The next step in the relationship is to get people to a community site on your property.
That was my post that was on digitalmarketer.com a couple of days ago,about how the shift in 2021 is to move from rented property to owned property. Clubhouse is rented property. They could shut it down. They could shut you down.. It’s great, and everyone’s there – the reason everyone’s there is because there’s never enough.
You’ve got to get their email address. You have to get them to your website. That way you have control. We’re on rented land. They can take it away from you.
So when you have it on your site, then the next logical continuation step is – how do I build community, share knowledge, and preserve the ethos of why people were hanging out with me on Clubhouse?
It’s because I’m sharing these certain things, because I have knowledge, because I want to help out, because this is what I stand for, and this is what I can help with. This is my strategic ask, and this is my strategic gift. That then allows people, mid-funnel, to decide, do they want to get on a call with me?
Because they want to lose some weight. They want to stop by my clinic. They want to buy my products. They want to do something that’s at the bottom of the funnel.
So I consider the .club site mid-funnel – which means if we talk about why, how and what, it’s more about how. If you’re talking about awareness, consideration, conversion, it’s consideration.
Mid-funnel websites are mainly around buying things, and that’s why .com is ‘com’ for ‘commercial,’ as in people buying and selling things. So if you try to jump from a first touch where they know who you are straight to a sale, some people may buy, but I think most people will be turned off by that. Most people trying to use the .club to sell something.
So let’s say that I’ve found diapers.club – a major premium domain, and I just started selling. I put up a shopping cart. I put Shopify up on diapers.club.
How do you think that will do?
It might do well because you could sell it to whoever is selling Pampers or something, but to all the people it’s not, because you have to build a community before you can get people to buy. If you don’t have authority and parenting and kids and these sorts of issues, you don’t have the ability to drive traffic. So then the .clubs were nothing, even though it’s a premium domain.

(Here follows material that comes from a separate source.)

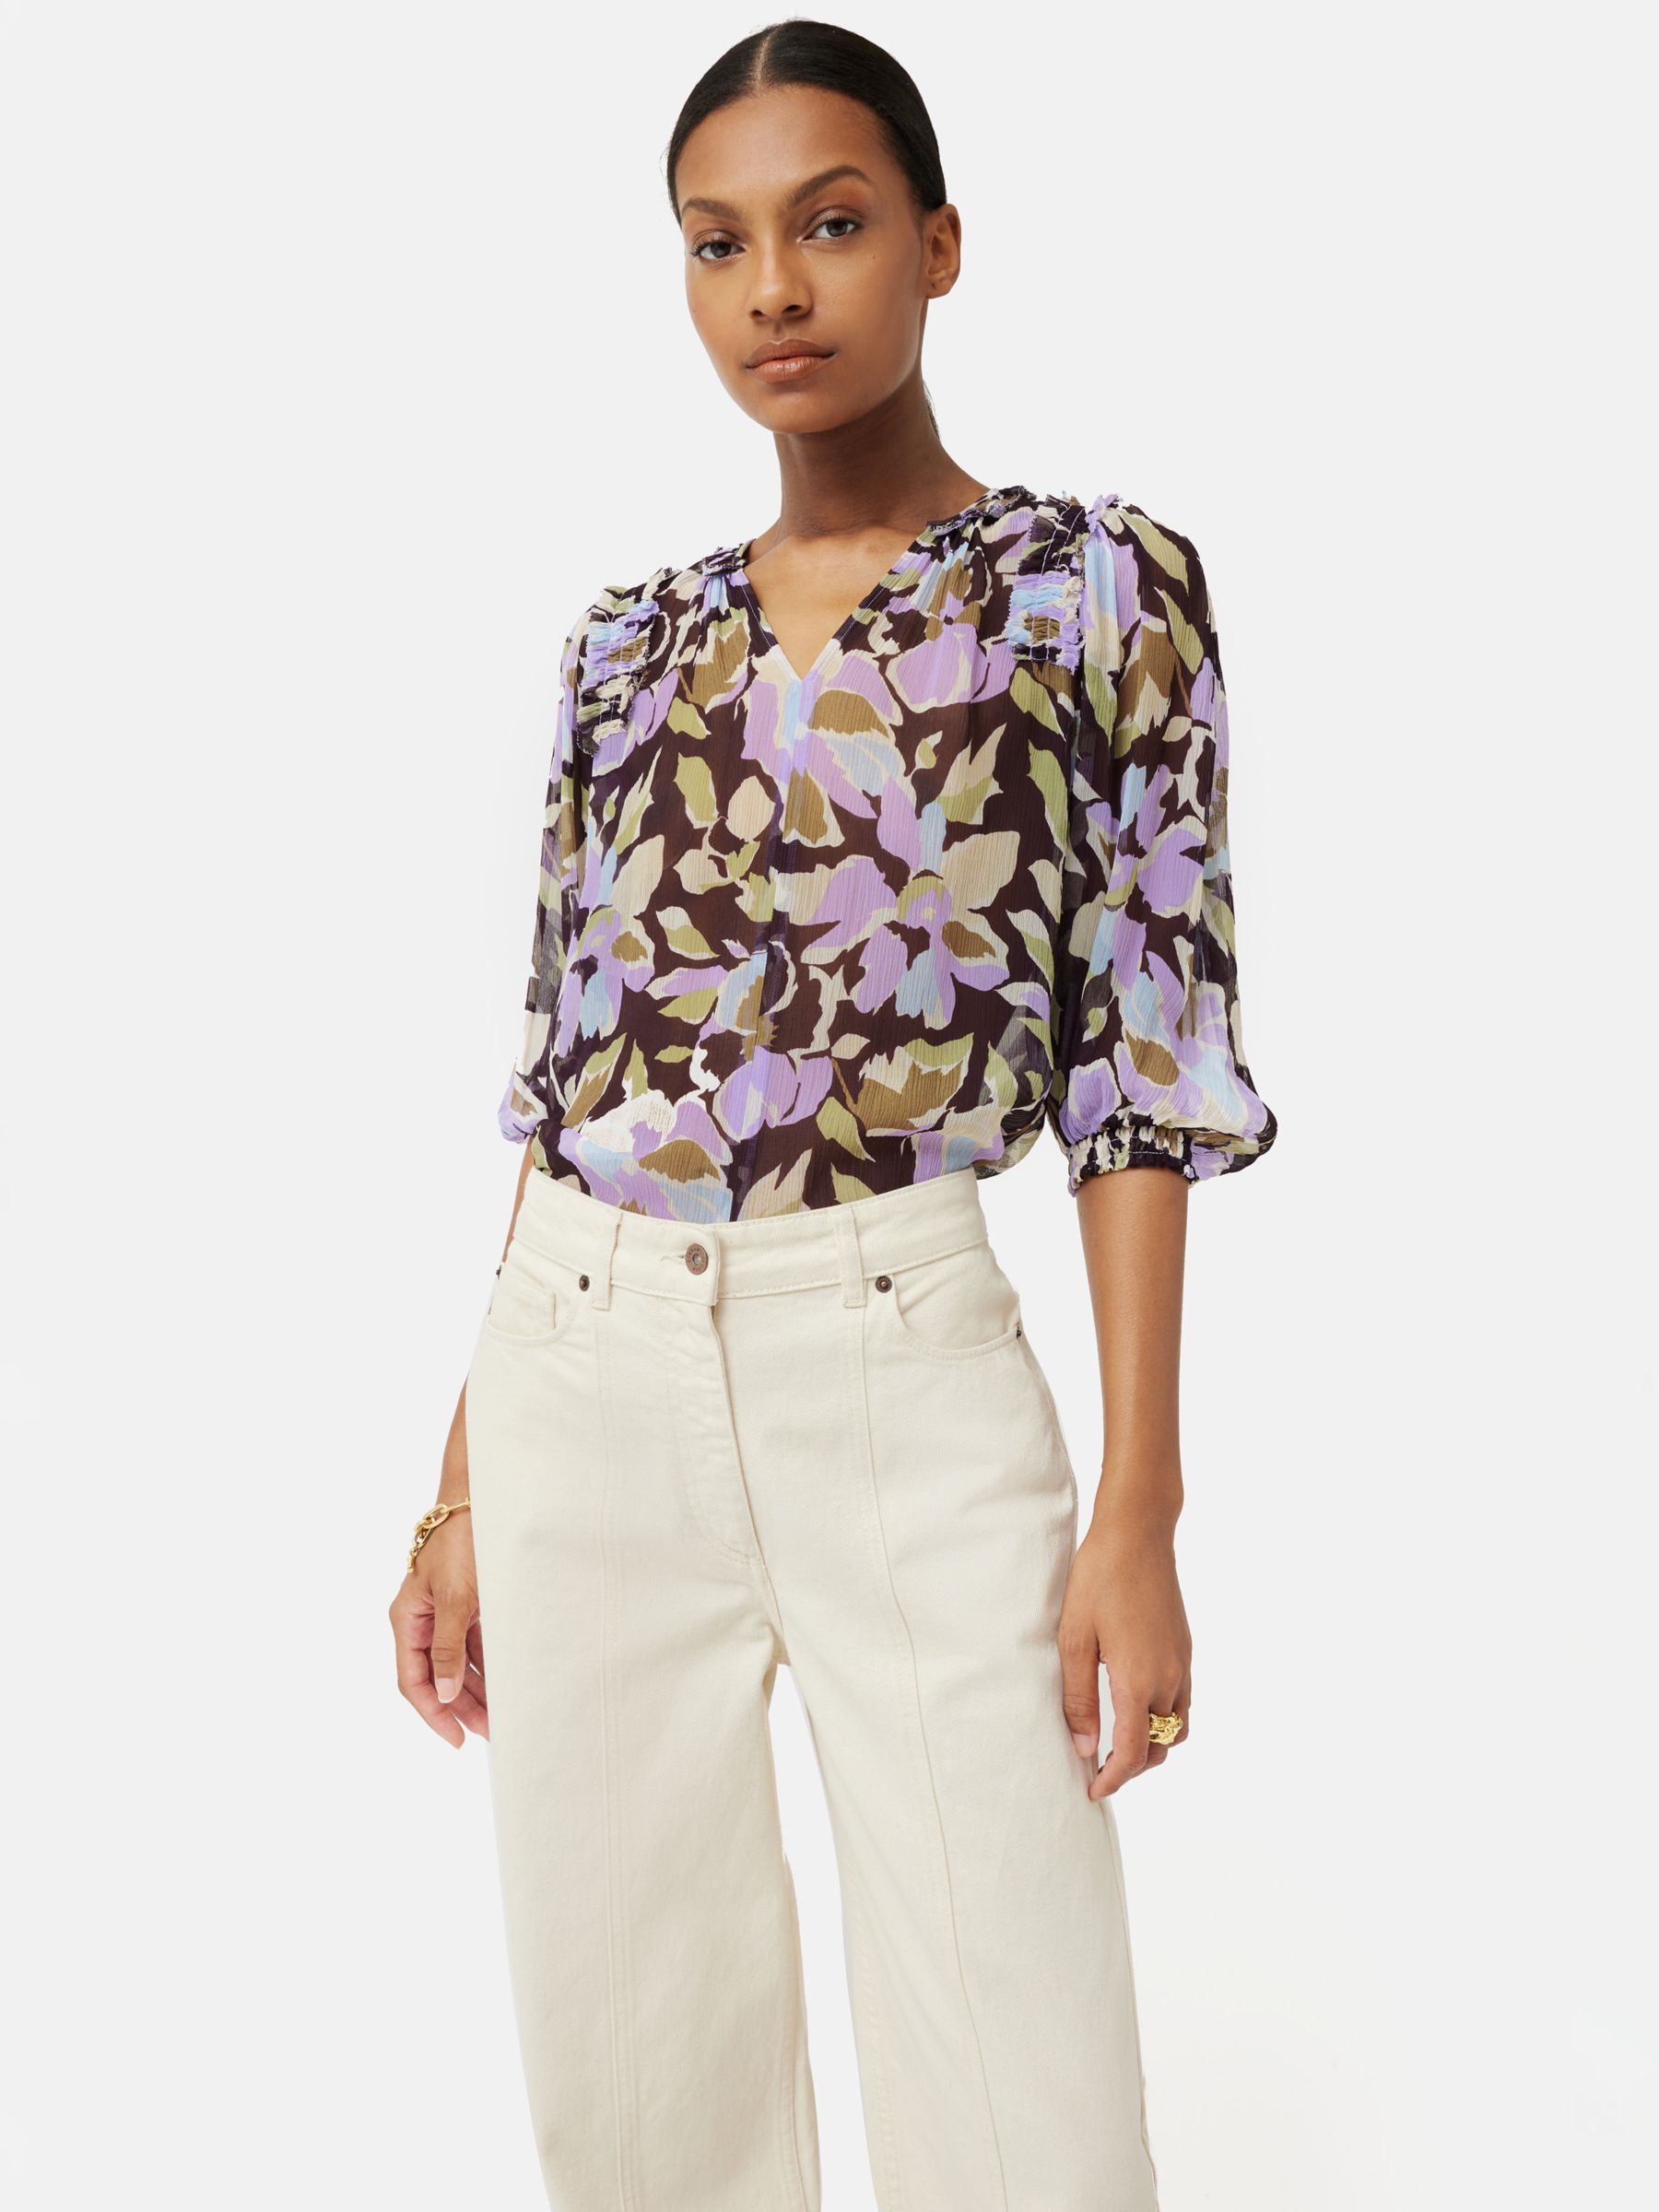 Jigsaw Graphic Pansy Crinkle Top, Lilac/Multi at John Lewis & Partners

What people are missing is, if you drive traffic and engagement and awareness and community and whatnot in Clubhouse, then your companion .club domain is going to add an extra 30 or 40% value to that because it allows you to capture. Now you can continue the conversation.
If you don’t do that, then you have to keep doing Clubhouse rooms – which is great, you should still continue doing that – but you have no way to continue that conversation. You have no way to progress people through the funnel.
Then the only way to do that is live conference speaking, which is what Clubhouse is, or manual, ‘hit-me-in-the-DMs’ kind of stuff, which is great for partnerships – but we’re getting customers to provide things.
You need to have some level of automation. That’s what we want people to understand.